In the data below, find the line containing "Album cover with" and the line containing "Slow Cooked • Rhubab", then reproduce them and every line between, exactly. Omit pictures.

DATASET RECORDS:
"""
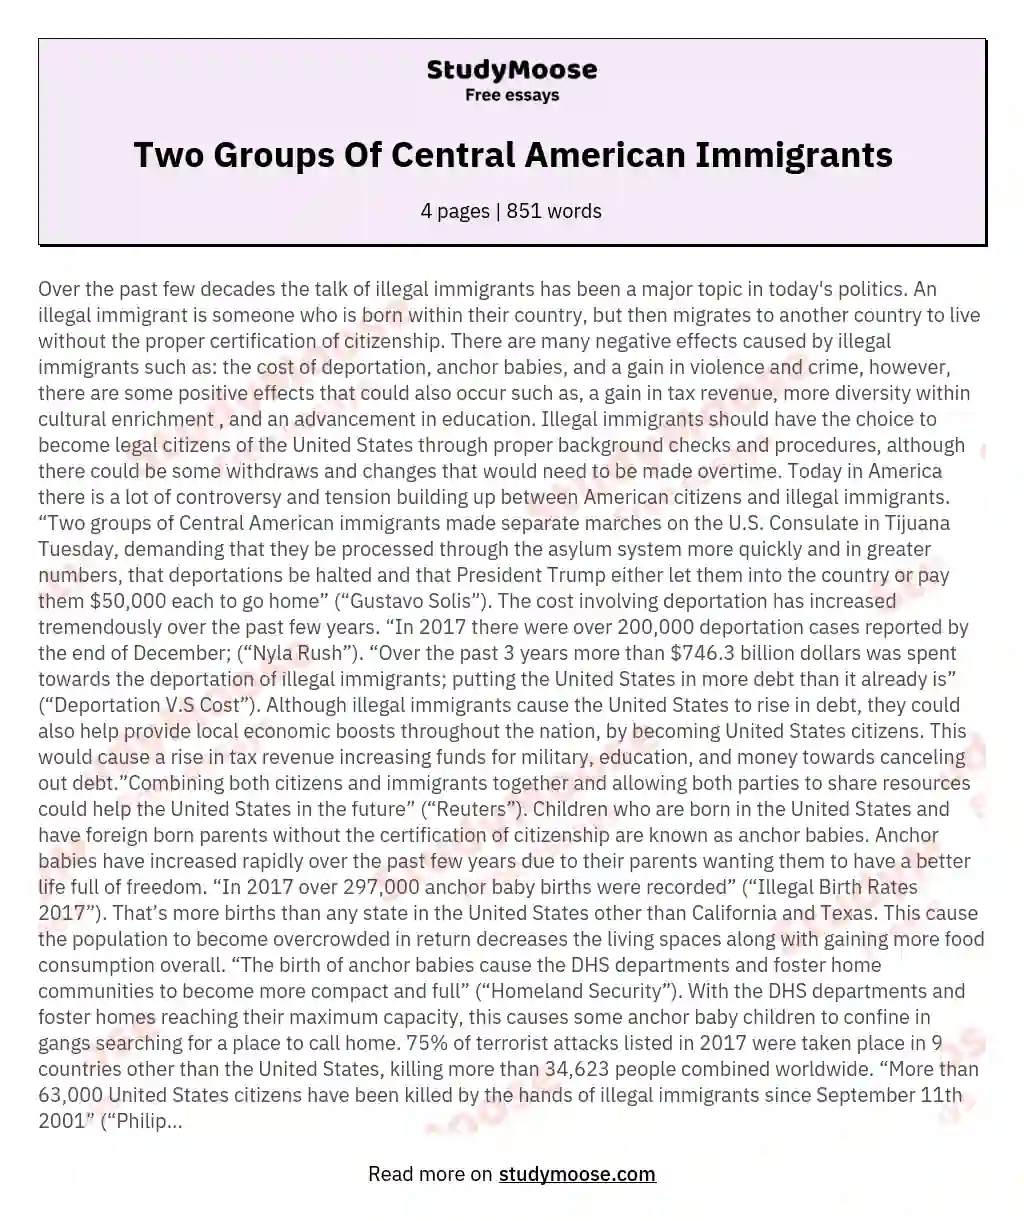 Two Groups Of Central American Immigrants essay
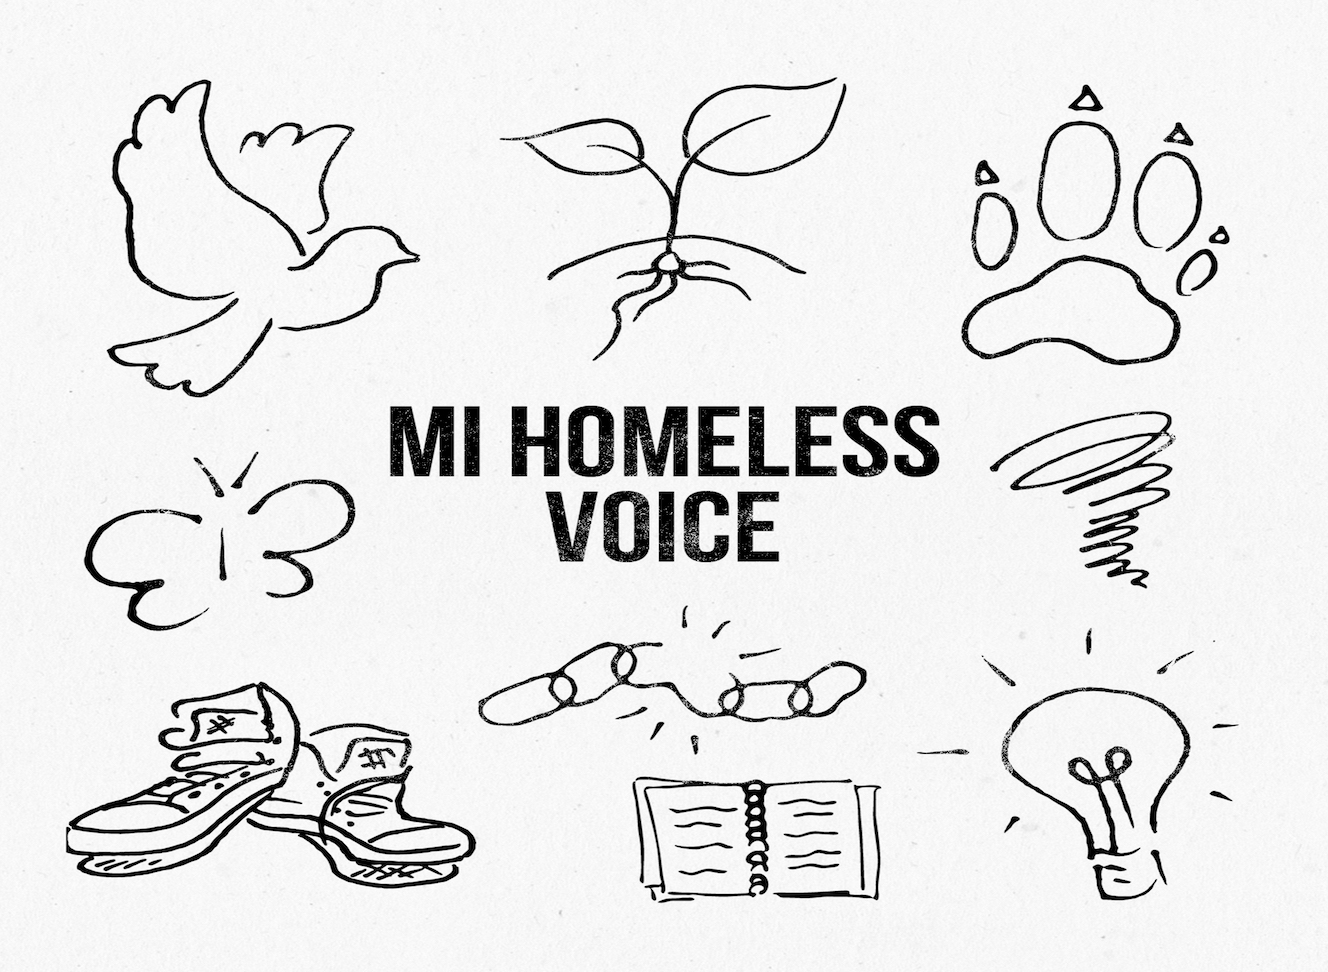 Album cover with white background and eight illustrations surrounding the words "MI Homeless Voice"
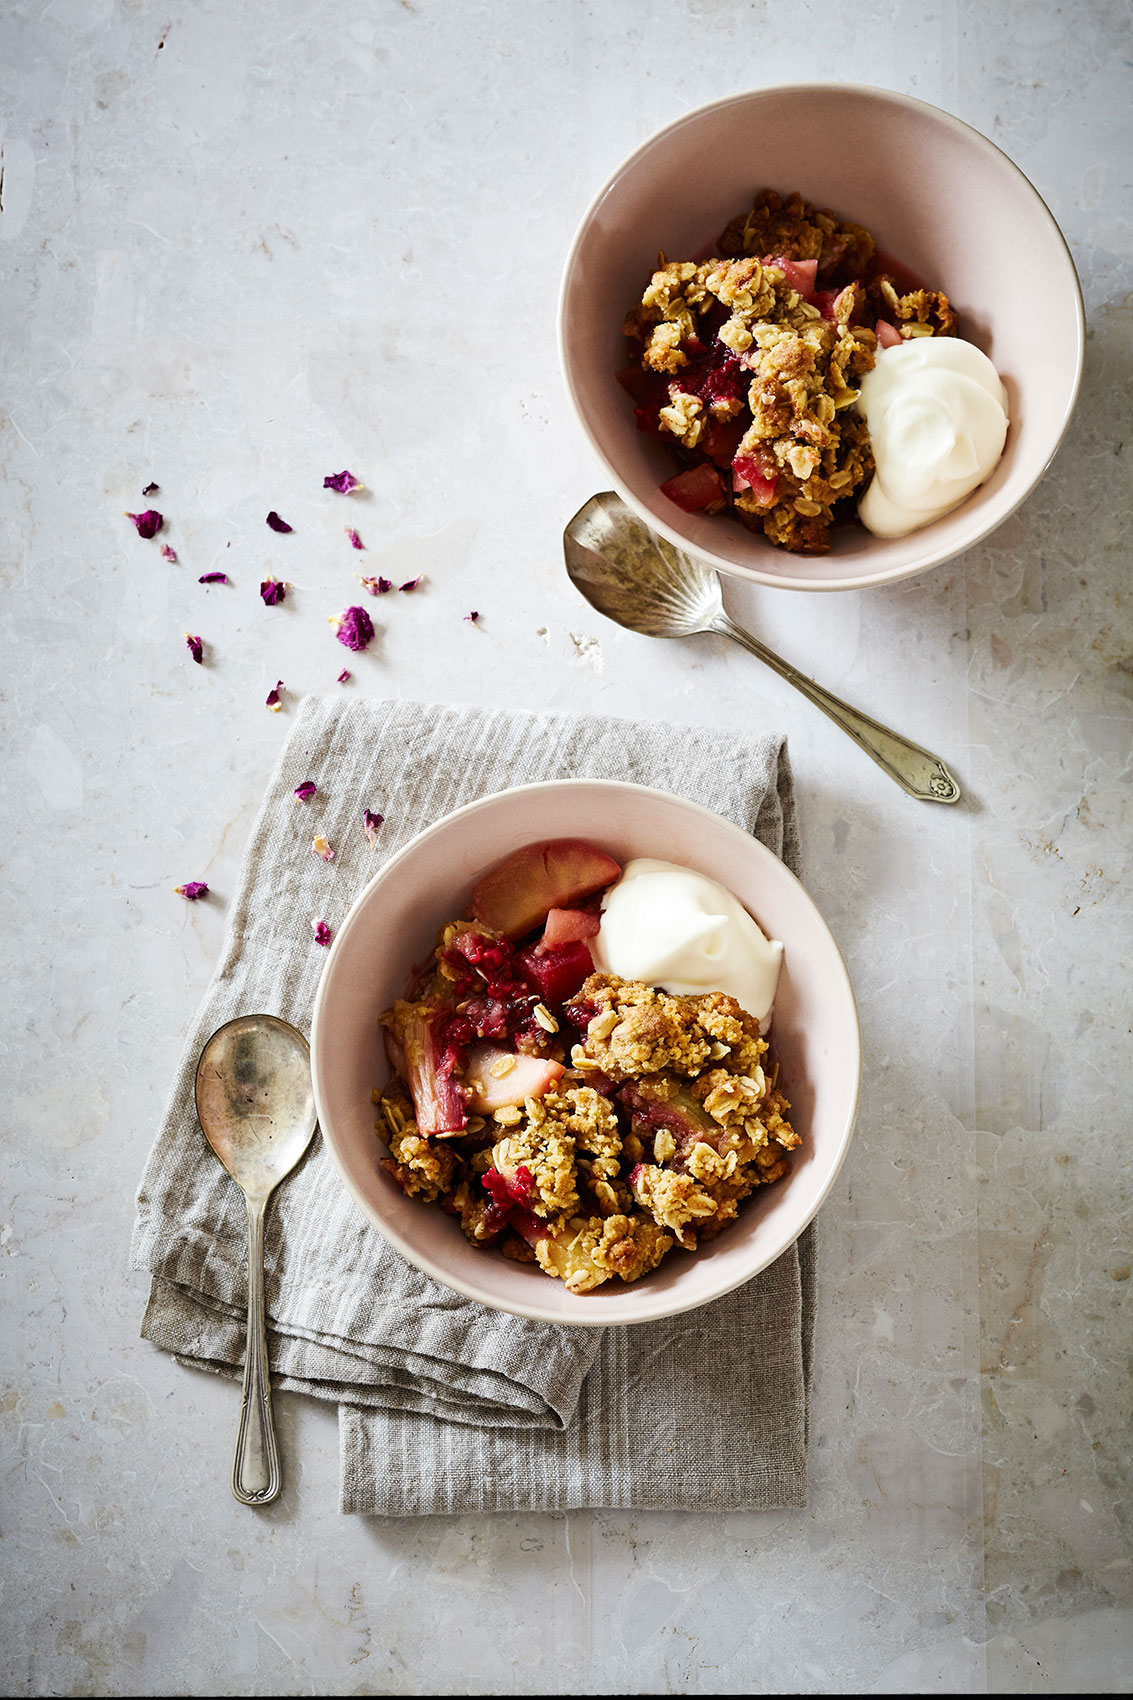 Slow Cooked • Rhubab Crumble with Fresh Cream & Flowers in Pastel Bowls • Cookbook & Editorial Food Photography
"""
"""
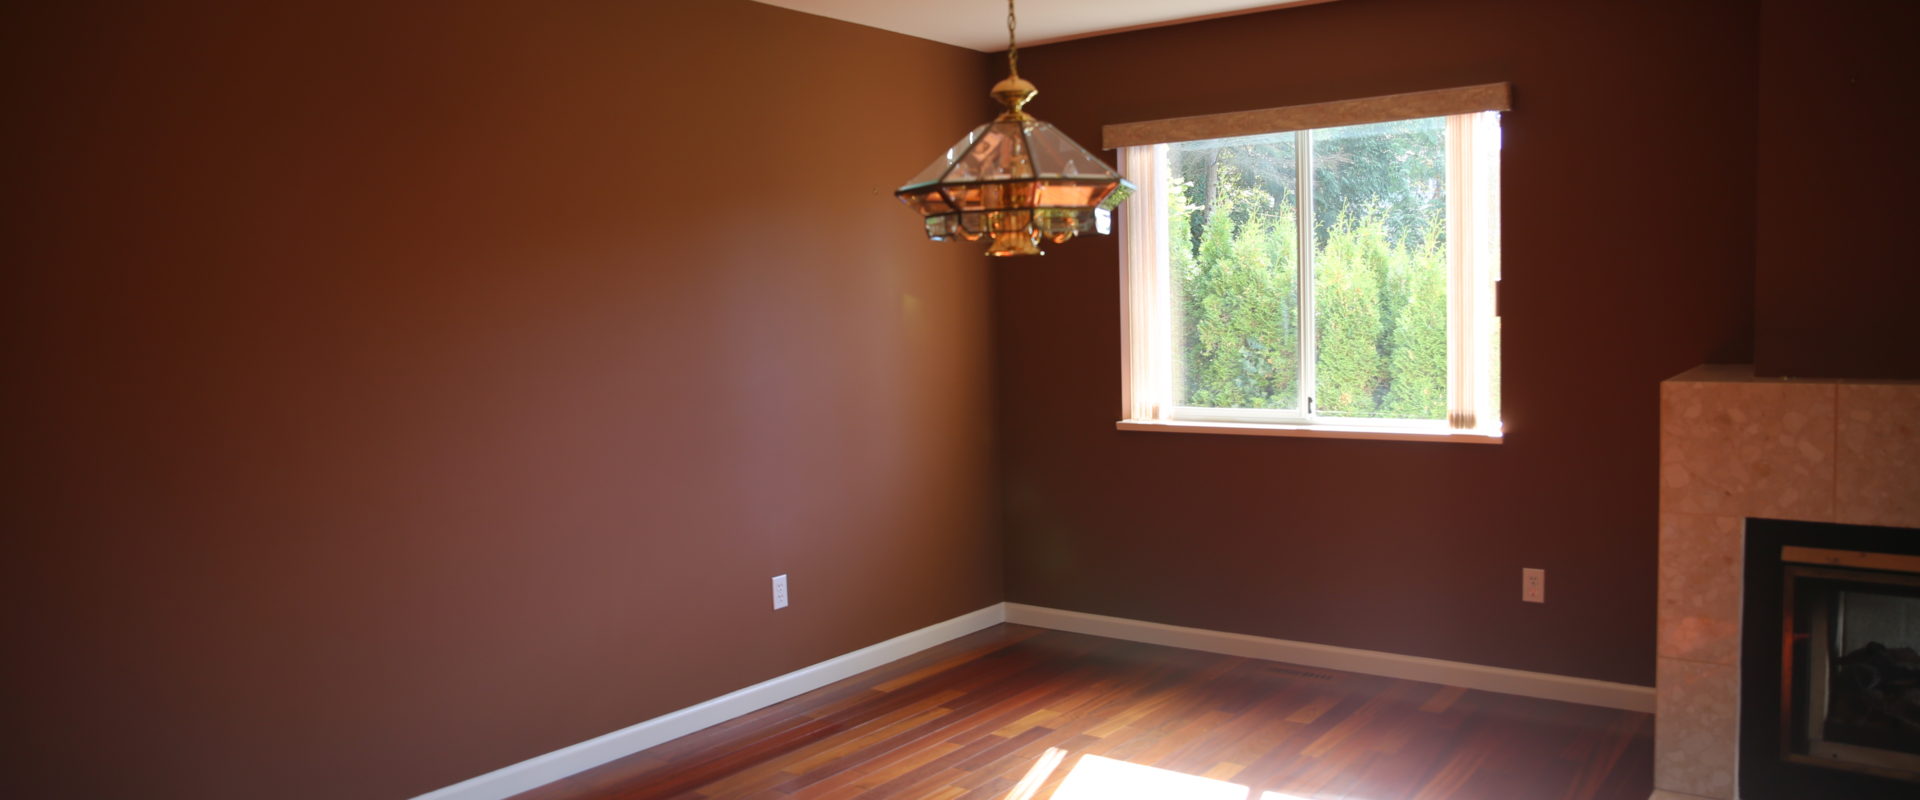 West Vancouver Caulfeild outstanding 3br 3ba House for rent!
"""
"""
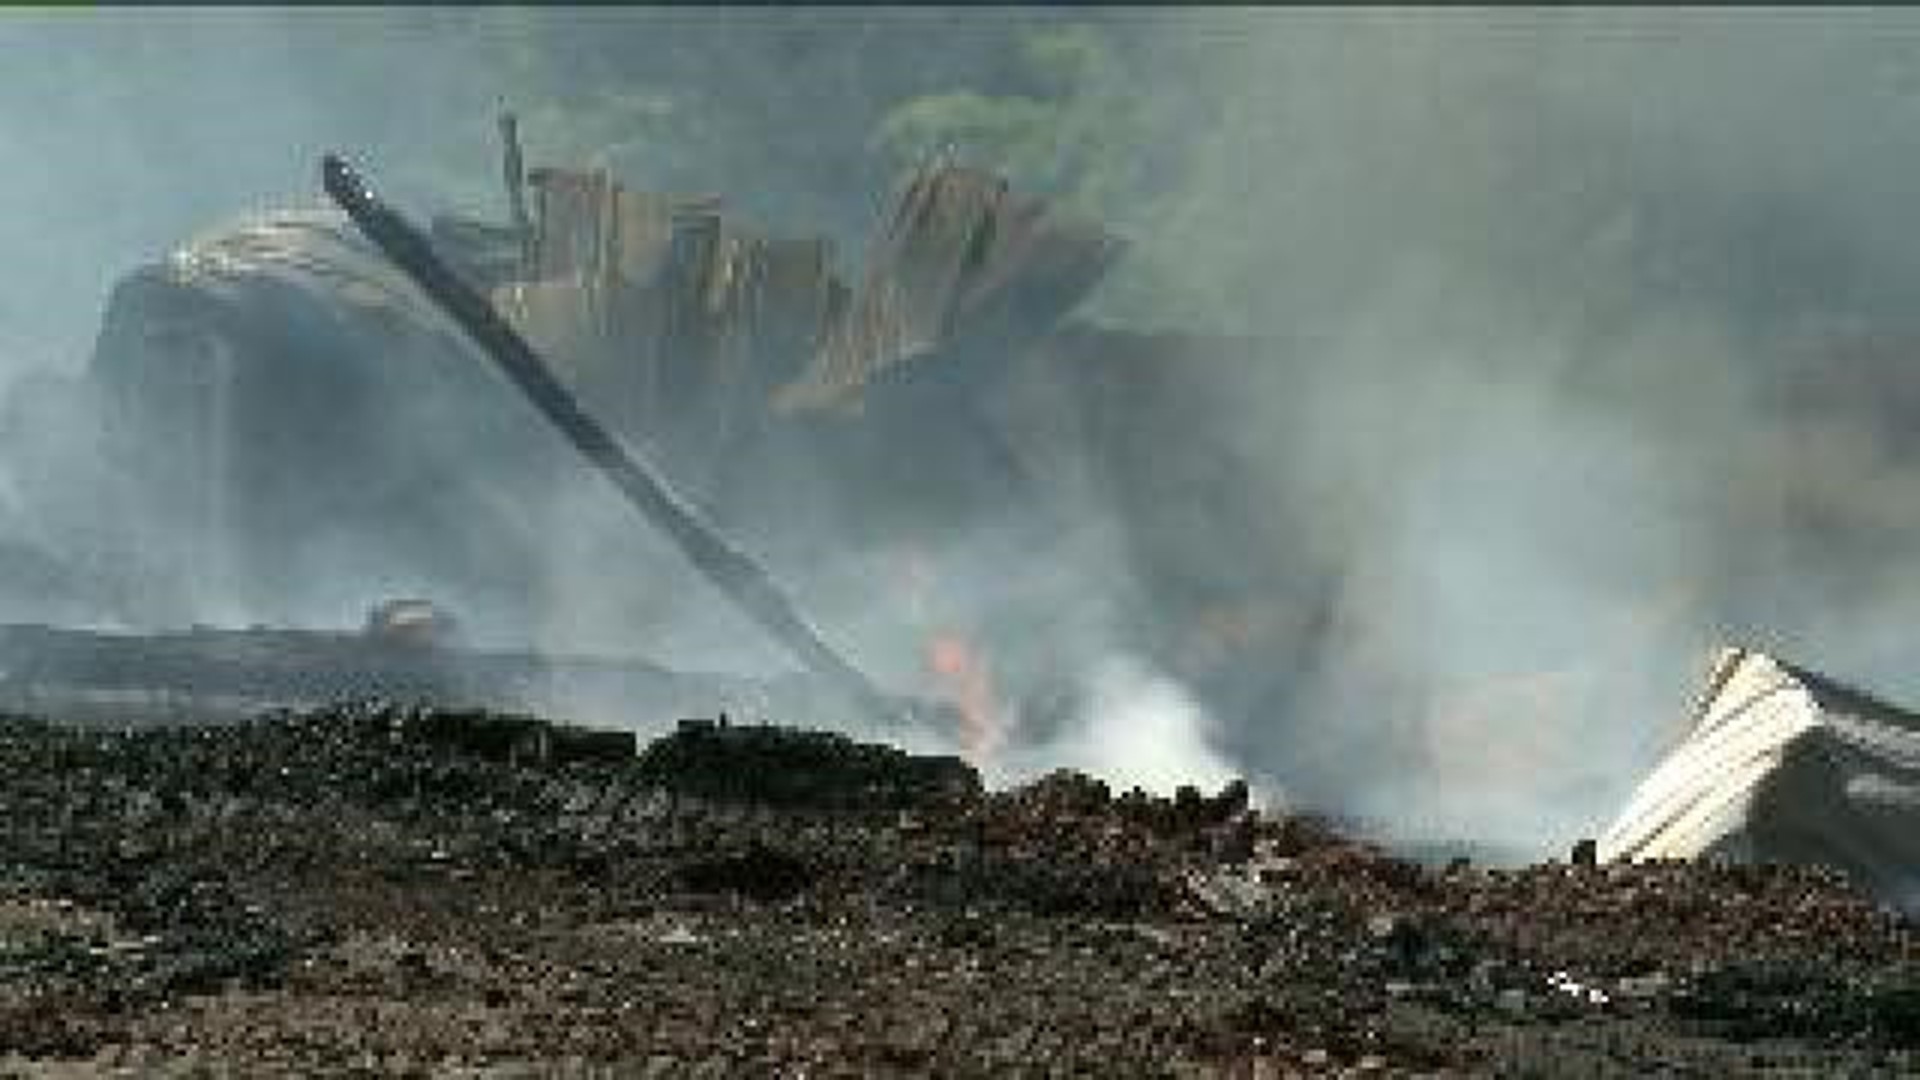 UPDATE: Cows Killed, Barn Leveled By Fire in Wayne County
"""
EXERCISE SOLUTION:
 Album cover with white background and eight illustrations surrounding the words "MI Homeless Voice"
 Slow Cooked • Rhubab Crumble with Fresh Cream & Flowers in Pastel Bowls • Cookbook & Editorial Food Photography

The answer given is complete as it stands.